A matrix can be copied to a destination matrix as

' SOURCE.MATRIX ' DESTINATION.MATRIX COPY.MATRIX

The destination matrix need not be dimensioned in advance; COPY.MATRIX dimensions it properly.

SWAP.MATRIX interchanges the contents of the parameter fields of two matrices to rapidly swap the matrices without moving their contents in heap.

### Matrix Multiplication

Matrix multiplication is performed by MATRIX* as

' FIRST.MATRIX ' SECOND.MATRIX ' DESTINATION.MATRIX MATRIX*

The above command multiplies FIRST.MATRIX by SECOND.MATRIX and places the result in DESTINATION.MATRIX. Matrix multiplication is one of the most widely used operations in data processing, and all linear algebra textbooks explain the rules that specify how two matrices are multiplied. The order of the operands is important, and the two source matrices must have compatible dimensions as specified by the multiplication rules (the number of columns in the first source matrix must equal the number of rows in the second source matrix).
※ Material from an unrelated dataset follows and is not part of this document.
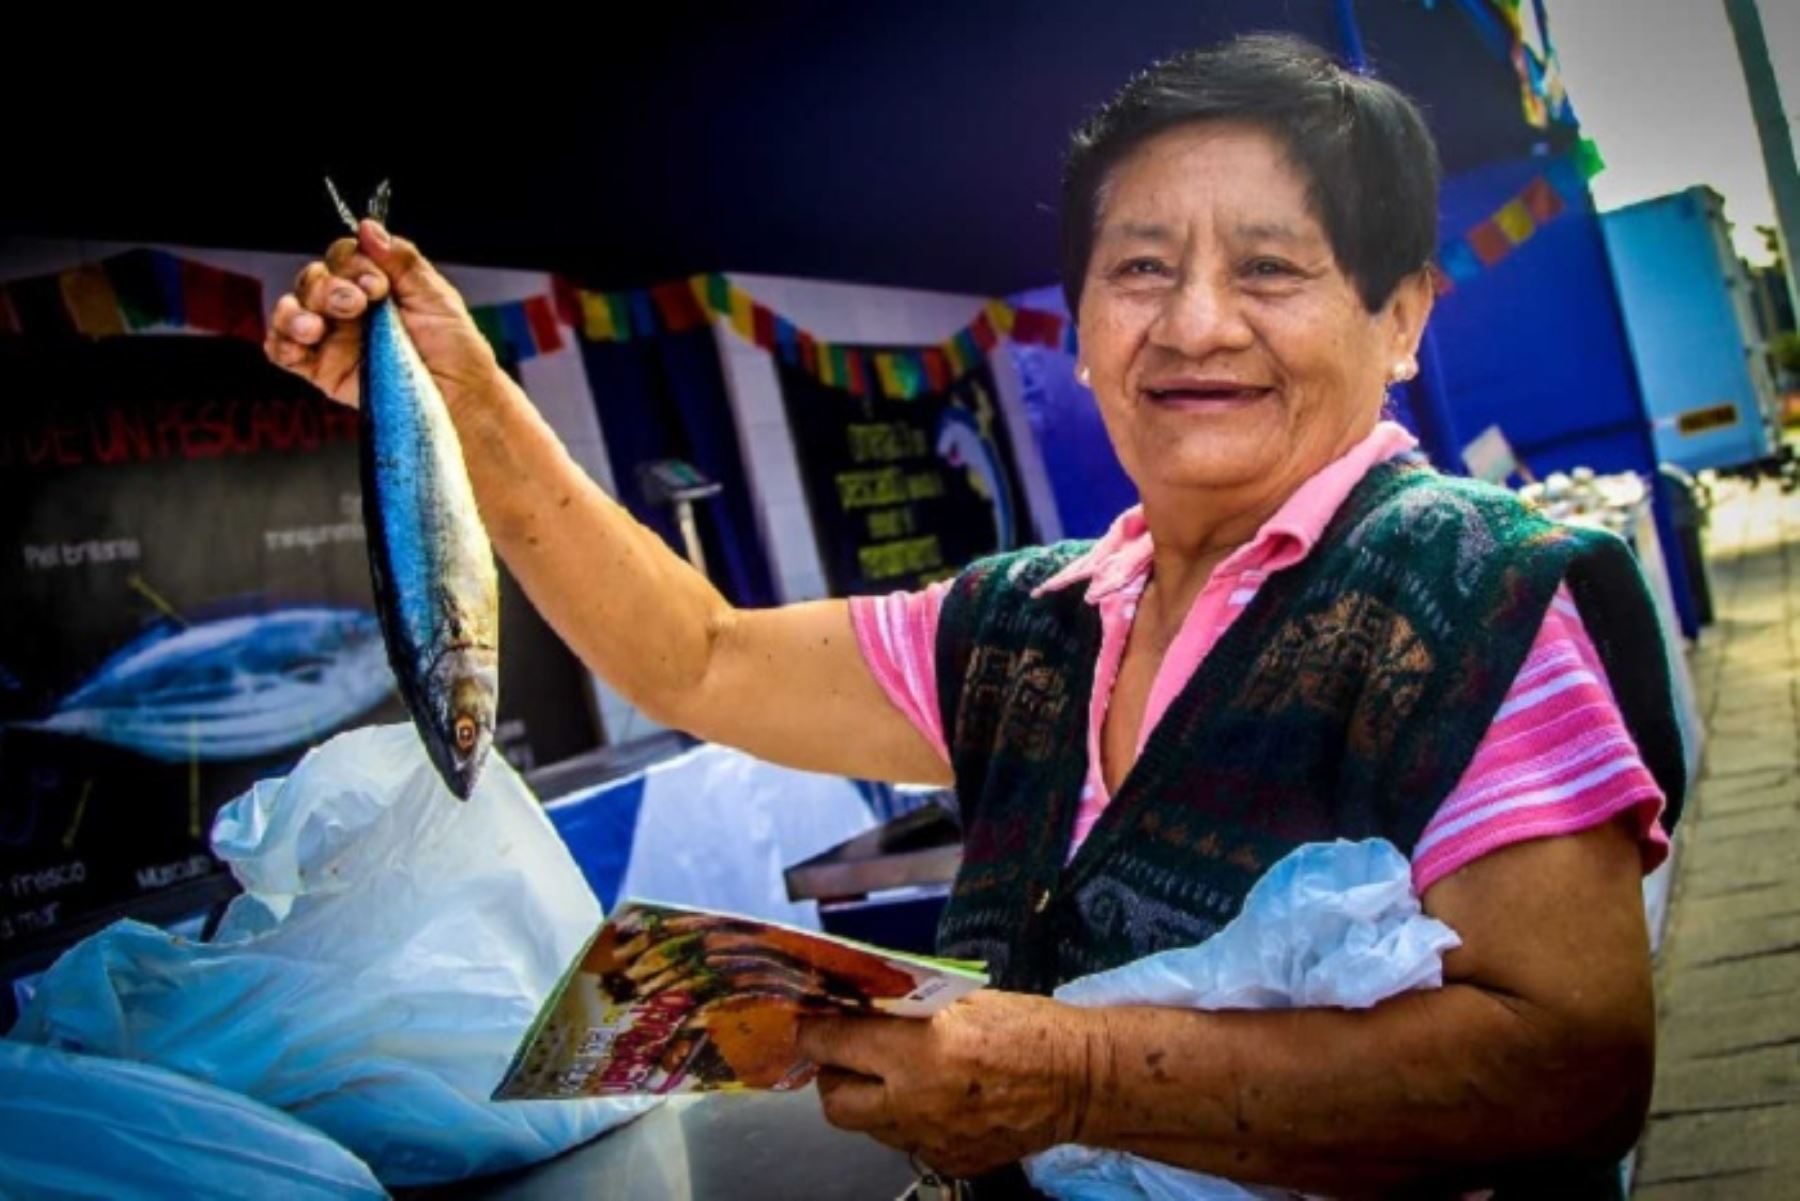 El festival “Mi Pescadería” llega a Cusco para ofrecer a la comunidad de Ccorao, en el distrito de San Sebastián, 800 kilos de pescado de alta calidad nutricional desde S/ 4 el kilo, gracias al Ministerio de la Producción, a través del Programa Nacional “A Comer Pescado”.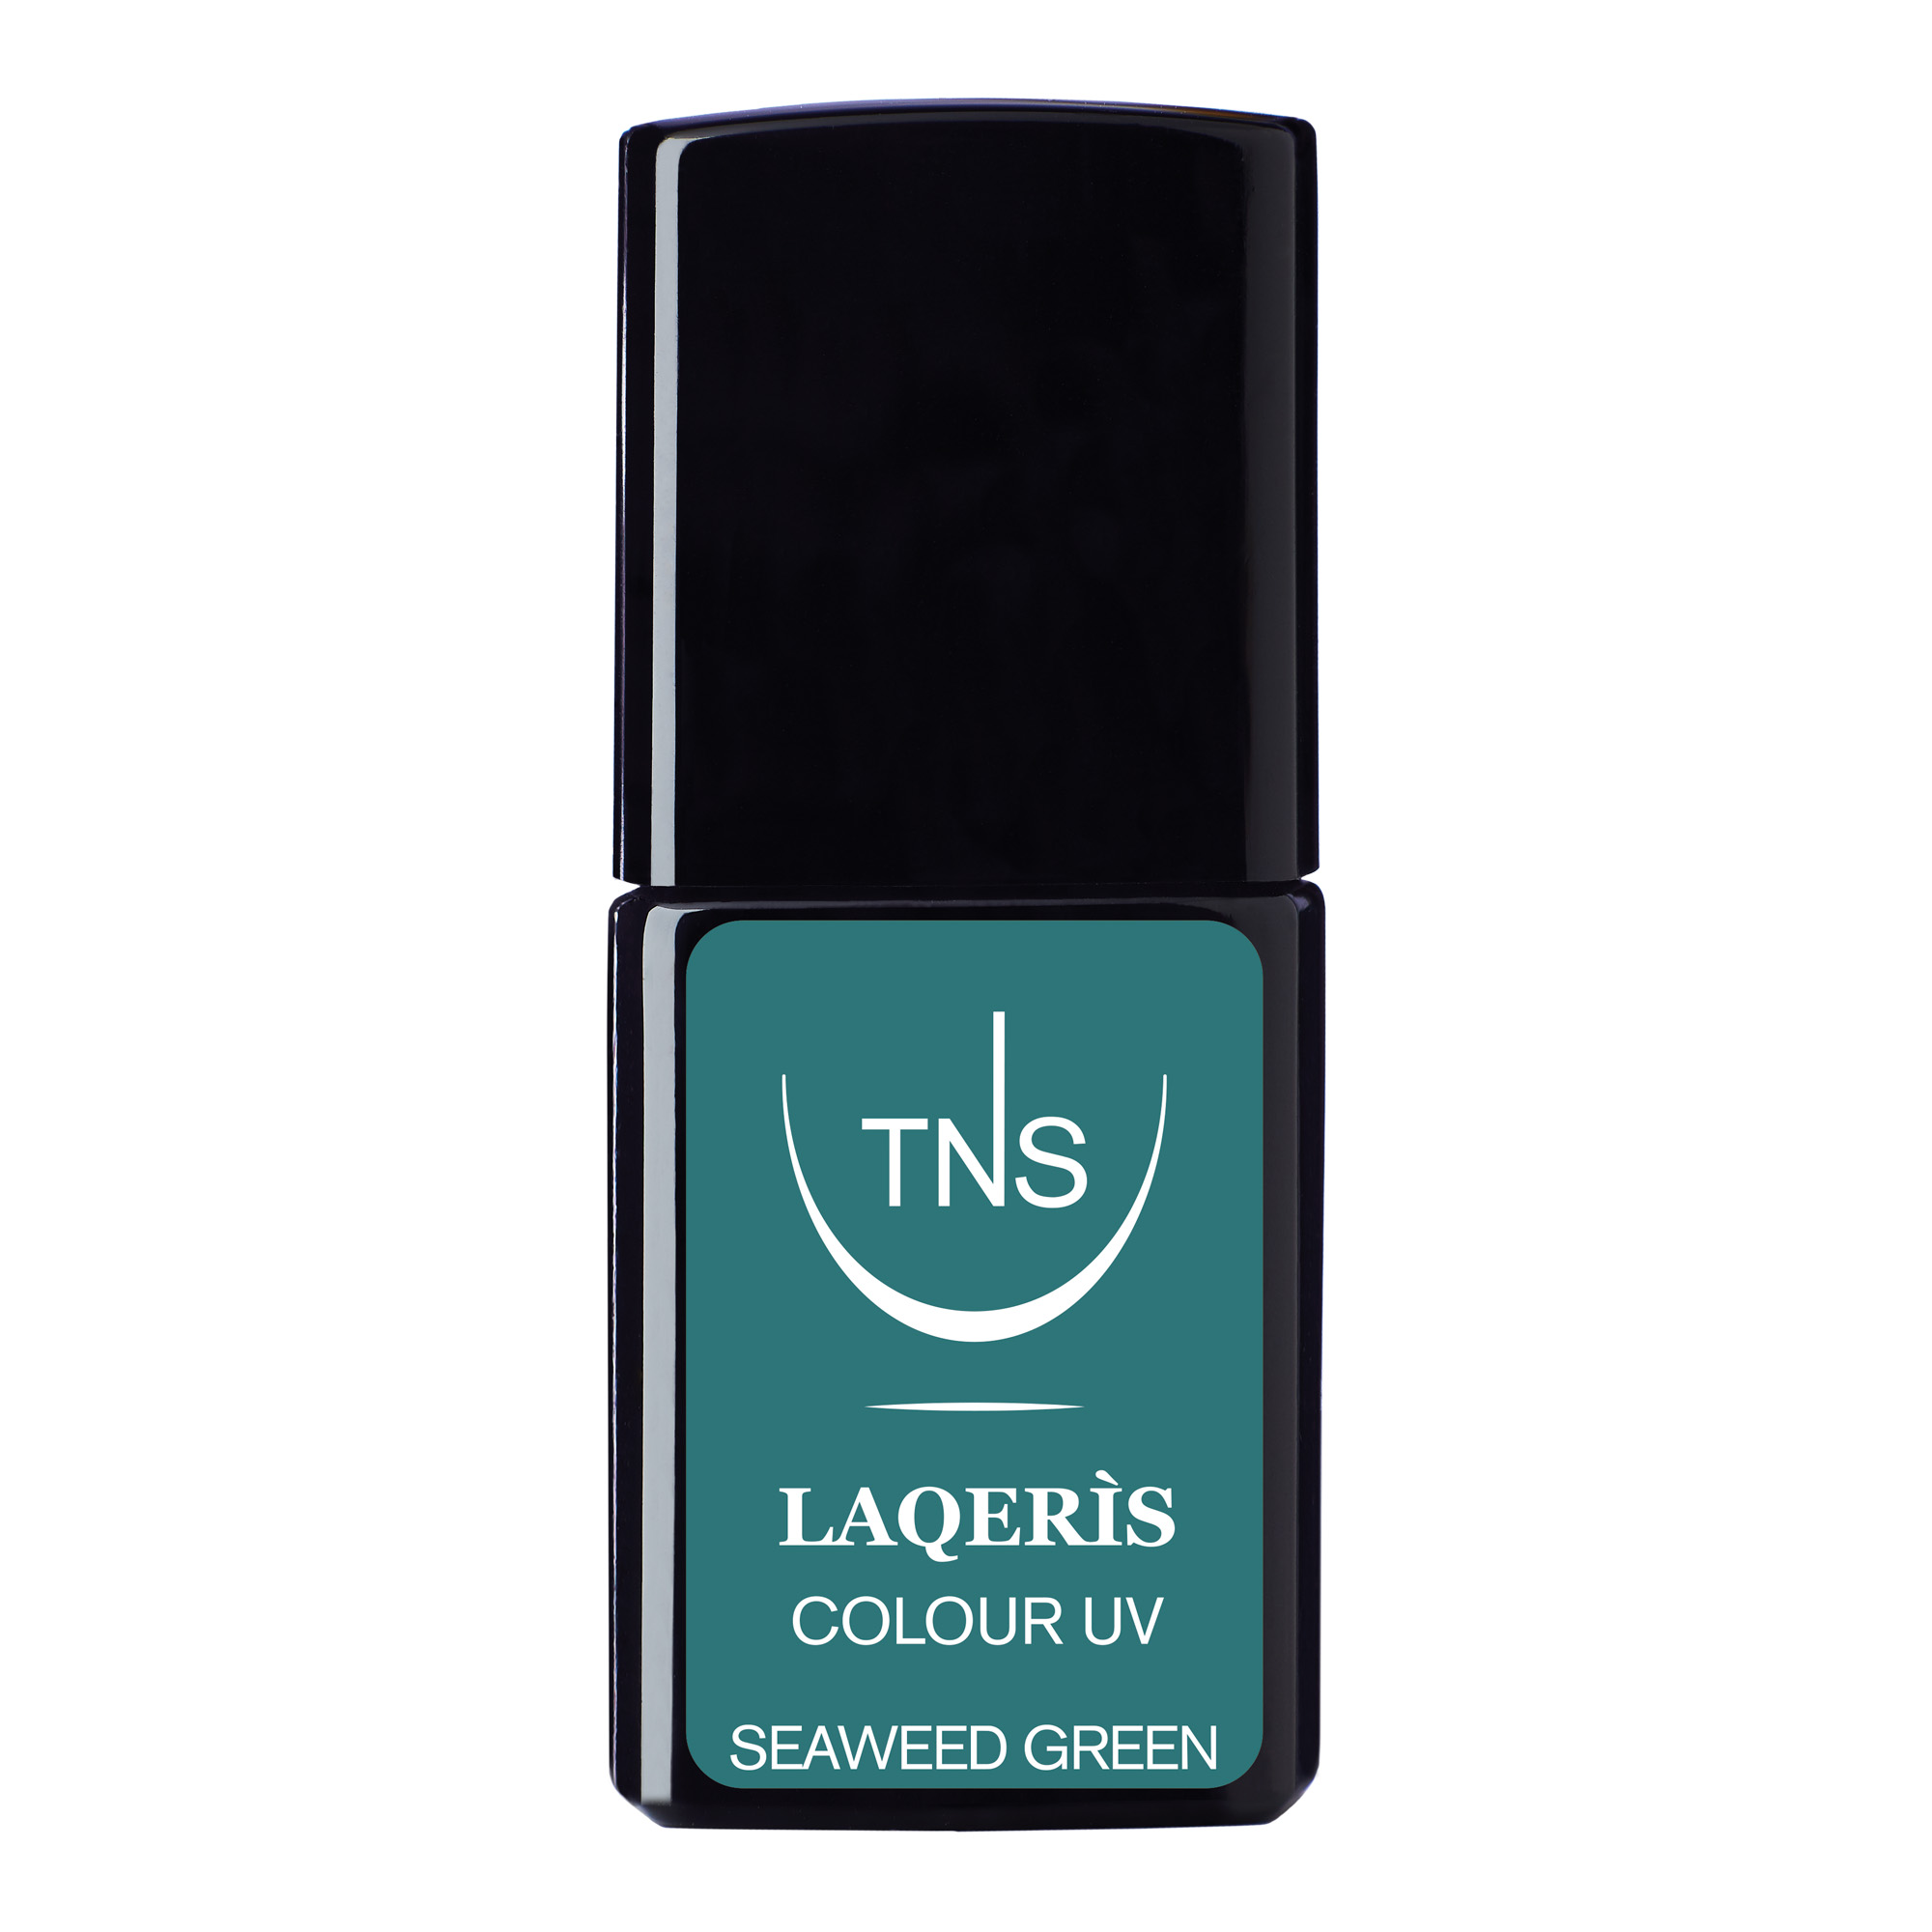 Semi-permanent nail polish Seaweed Green 10 ml Laqerìs TNS

If DEBUG is ON, QED-Forth will ABORT if incompatible dimensions are detected, issuing an error message such as

Error at FIRST.MATRIX SECOND.MATRIX --Incompatible sizes !

The destination for the matrix multiplication may be one of the source matrices. For example, we could state

' FIRST.MATRIX ' SECOND.MATRIX XDUP MATRIX*

which duplicates the extended parameter field address of SECOND.MATRIX so that it is both a source and the destination matrix.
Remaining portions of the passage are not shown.